Каждый уважающий себя человек,  рыбачить в Большом Ломовисе не осмеливался, и только Шибряй, по прозвищу «Клюкало», не изменял своей давней привычке уходить от семейных ссор и неурядиц, прихватив незамысловатую удочку, на тихий бережок гибнущей речки, пытать рыбацкое счастье.

Прозвище «Клюкало» прикипело к нему, как холщовая потная рубаха.

Кличка имела двоякий смысл: говорила о его склонности хорошо выпить, а по возможности и опохмелиться, и о его деревянной ноге.

Правда, Шибряй ходил всегда без клюки, припадая на правую сторону, как землемер во время работы. Издалека  казалось, что он, считая шаги, отмеряет себе дорогу.

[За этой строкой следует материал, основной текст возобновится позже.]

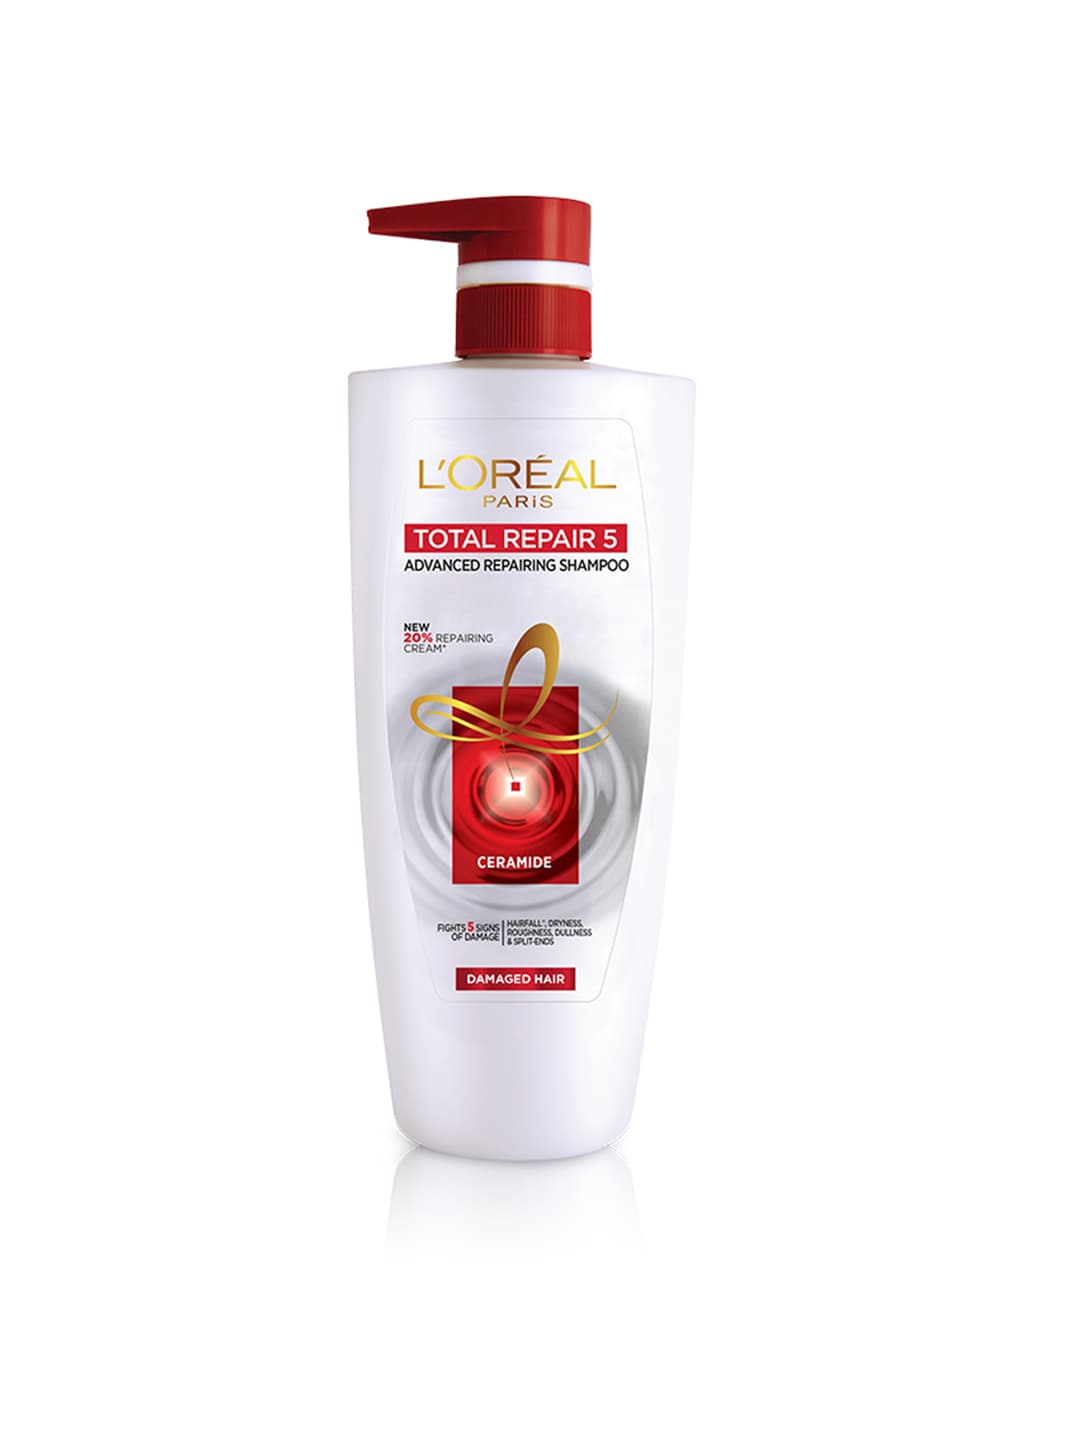 LOreal Paris Total Repair 5 Shampoo with Ceramide for Damaged Hair - 704ml Price in India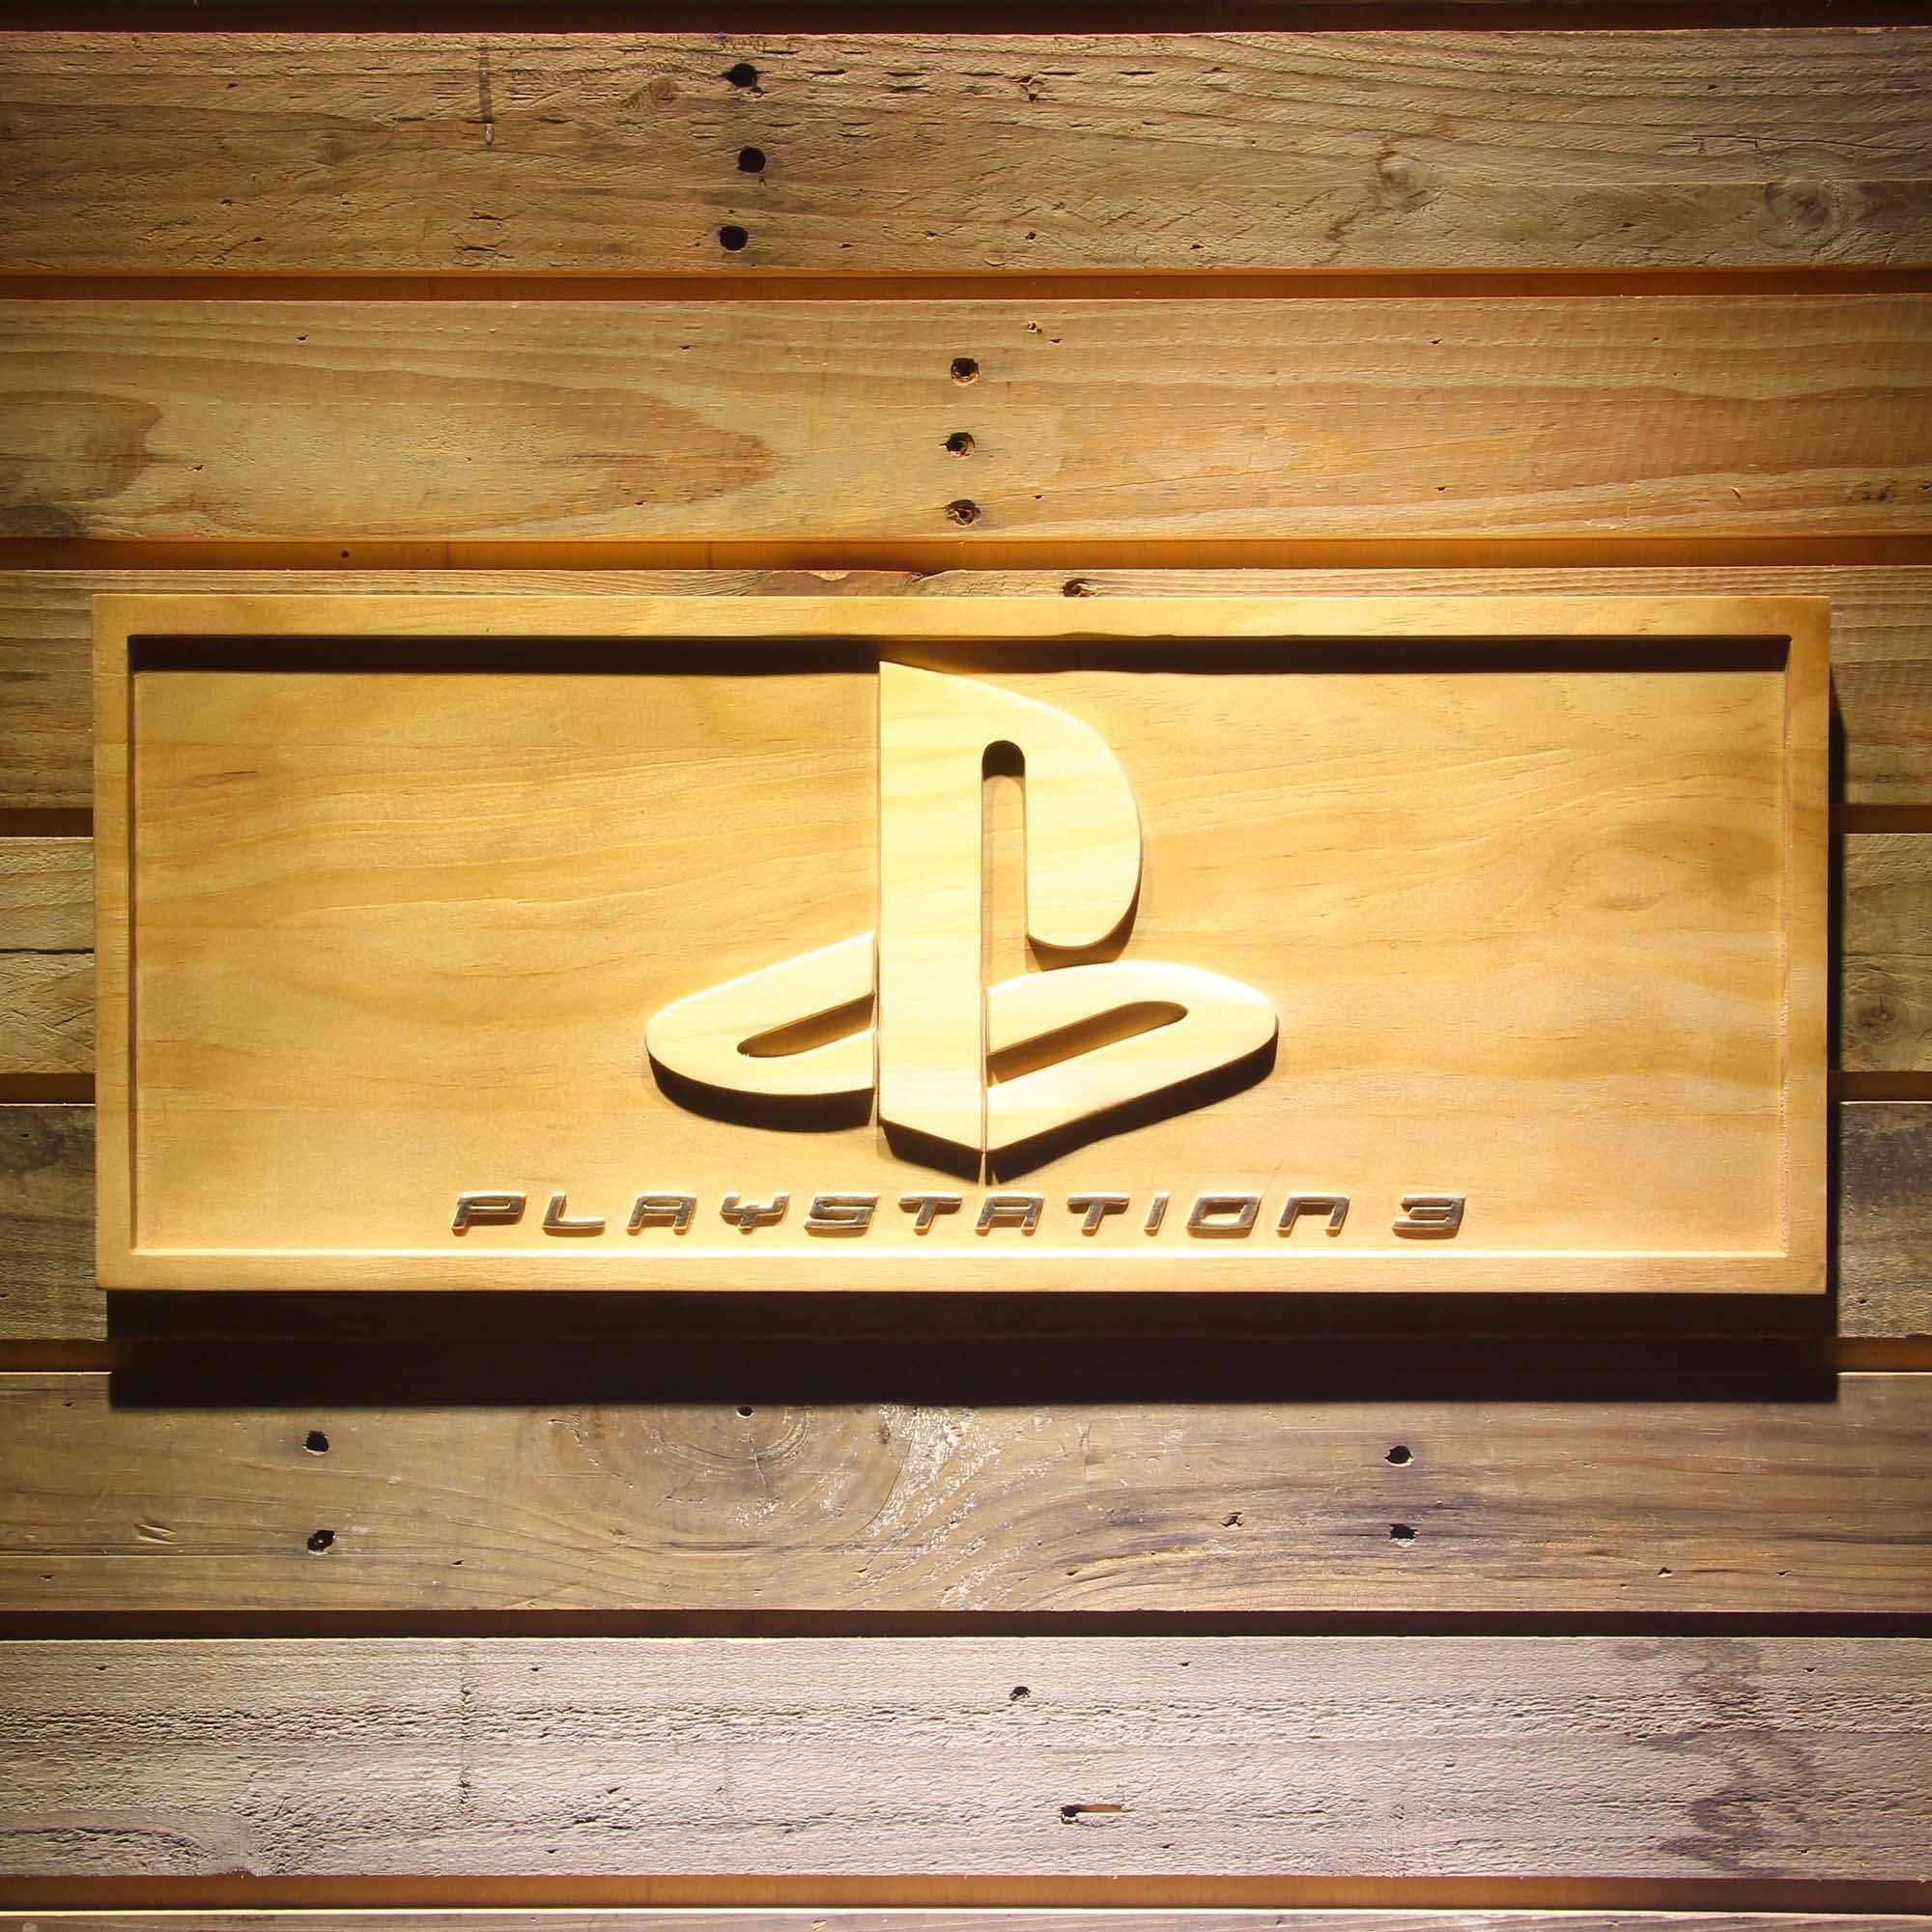 Playstation 3 Game Room 3D Wooden Engrave Sign

Свою деревянную ногу он не раз использовал в пьяных побоищах. Приём у него был простой; когда случалась свалка, он падал спиной на землю, быстро выпрастывал ногу из ремней и, ухватив её здоровой рукой за железом окованный наконечник, ловко орудовал ею, как былинный богатырь палицей, за что пользовался огромным уважением у сельчан.

В таких делах равных Шибряю во всём селе не было.

С Клюкалой, как водиться, мы сошлись совершенно случайно. Здесь у старого взорванного моста, поодаль от села, речка имела более пристойный вид. Главное – не было такой загаженности, и можно уютно посидеть у воды, спрятавшись за сваи.

Сюда меня привели сердечные дела – вожделенная встреча с местной красавицей, которая вчера благосклонно приняла мои ухаживания.

Всё было незатейливо и просто. Распалённая в теснине маленького чуланчика, где за тонкой перегородкой, скрипя и покашливая, чутко спала её мать, она легкомысленно пообещала мне назавтра у этого старого моста вдалеке от любознательный глаз, жадных до чужих тайн.

Не дожидаясь потёмок, я был уже в полной готовности, прихватив на всякий случай бутылку водки, с большим трудом отоваренную (водку давали в то время по талонам) у знакомой продавщицы, подруги моей пассии.

С нею, то есть с бутылкой, меня и попутал старый Шибряй, забредший сюда после очередных баталий с женой.

Привычно отстегнув ногу, он уселся на неё и забросил удочку в тихий омуток. Дед был явно чем-то расстроен, и по рассеянности даже не насадил на крючок червя

Я подошёл, поздоровывался с ним, и напомнил ему про это. Он, почему-то обрадовавшись, ударил себя клешнёй по голове:

— Во! Ё-ка-лэ — мэ-нэ! Совсем худой стал – и весело матюкнувшись, стал медленно насаживать большого и красного, как обмякший фаллос, дождевого червя, косясь намётанным глазом на мой отягощённый карман.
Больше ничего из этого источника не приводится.